Johnson arrives and immediately goes for
a drink. He finds 'a very live place, customers enjoying their
drinking, almost without exception, their conversation, the noise in
here, lively mainly middle-aged, the customers here certainly making
the most of their drinking this Saturday lunch time, healthy drinking,
I could call it, drinking for its own sake, for health's sake, is it?'
In the lounge bar I happen upon there are two people. No conversation.
But other things don't change. On his way
to the ground Johnson comes across a 'radio shop, now no doubt called
television shops, the half-dozen sets going, different programmes,
show-jumping and swimming, those apologies for sport on television,
while the only sport most people want to watch is soccer, the only real
sport, the best, the pathetic ends they go to on Saturday afternoons to
cover up the fact that they are not showing football'. Yesterday,
Grandstand showed snooker.
And so to the game. Johnson writes:
'Always at the start of each match, the excitement, often the only
moment of excitement, that this might be the ONE match, the match in
which someone betters Payne's ten goals, where Hughie Gallacher after
being floored nods one in while sitting down . . . so hope only for the
extraordinary, for the one match: but have to be prepared, as always,
in everything, to settle for less.'
Johnson's fictional game is realistically
bad. 'Skill was as uncommon as grass,' he writes, only for the
sub-editors to take it out. Forest v County is no better, but at least
there are goals. A few minutes after Byrne has 'incredibly, no all too
credibly' headed over from five yards, Djaffo scores for Stockport.

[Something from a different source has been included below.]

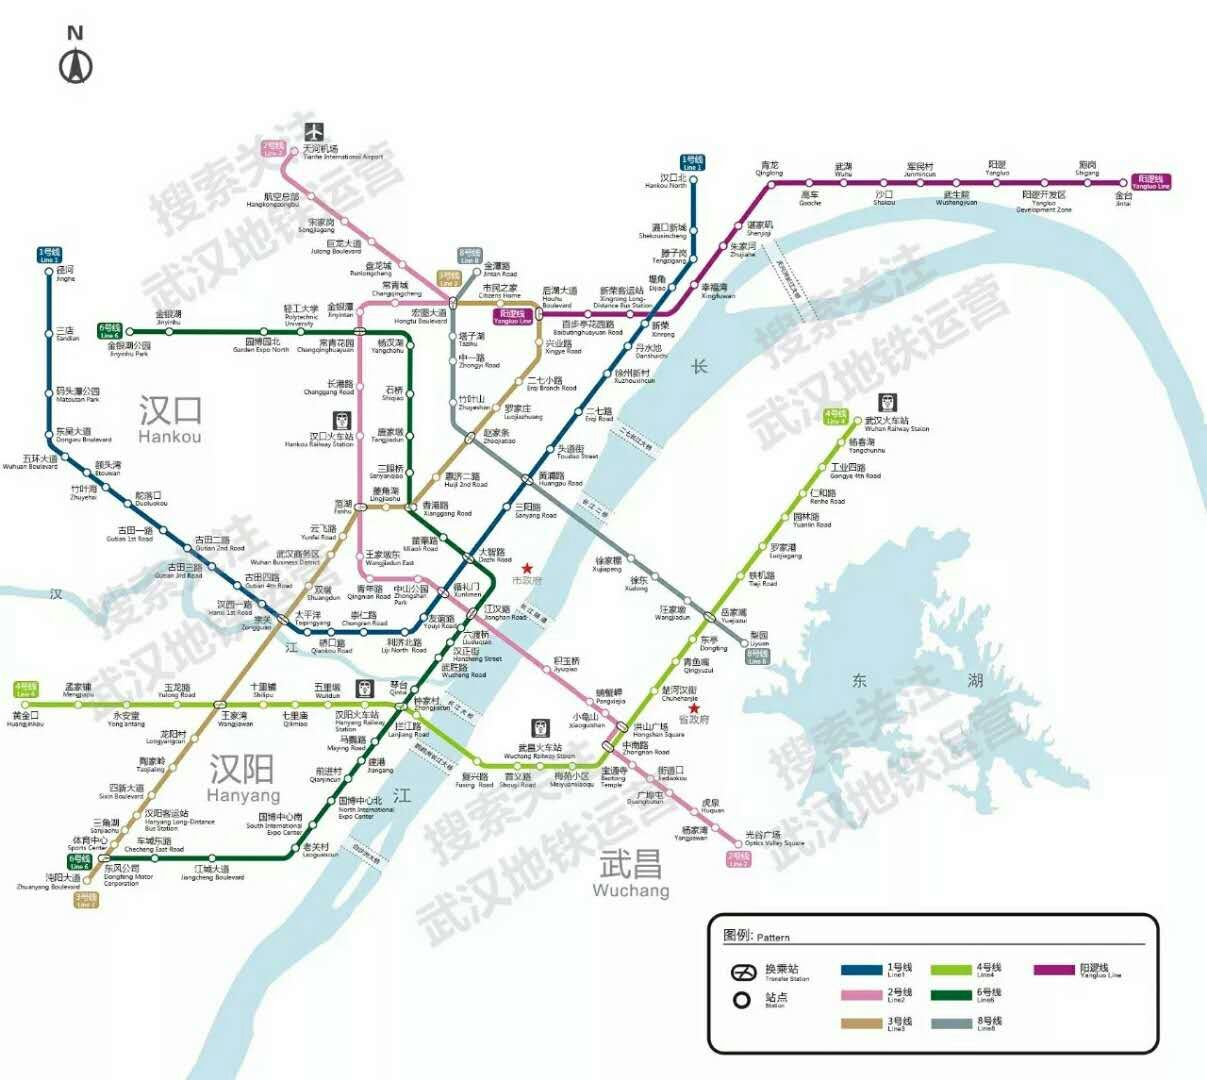 三条新线开通后武汉轨道交通运营里程达237km.

Straight from the kick-off Ian Wright equalises. What's he doing here?
Johnson makes no friends in the press
box: 'How ordinary these reporters look, curious lot. I do not talk to
them, they do not talk to me.' I, too, have a quiet afternoon. The man
on my right blows his nose vigorously without a handkerchief. At
half-time, he regales everyone with an anti-semitic anecdote. Having
introduced it as the funniest he has ever heard he is forced, when
no-one laughs, to alter his verdict to 'terrible, terrible'.
Now, as in Johnson's time, the attendance
is passed round. 'A sip, pass it along to the next reporter, 24,833
poor sods have paid good money to see this rubbish,' wrote Johnson.
Yesterday, 15,770 unfortunate sods paid even better money to see even
poorer rubbish.
Johnson goes to the station after the
game in search of a pink 'un to find 'the Chelsea result, down the
bottom, nearly, West Brom 1 Chelsea 1, oh, they could have done better,
a disappointment, still, it could have been worse.'
Thirty years later I get to the station
thinking Chelsea have beaten Arsenal. There is no pink 'un. I ring the
office (I'm a Chelsea fan, too) to hear Arsenal have won 3-2. A
disappointment, could have done better … couldn't have been worse.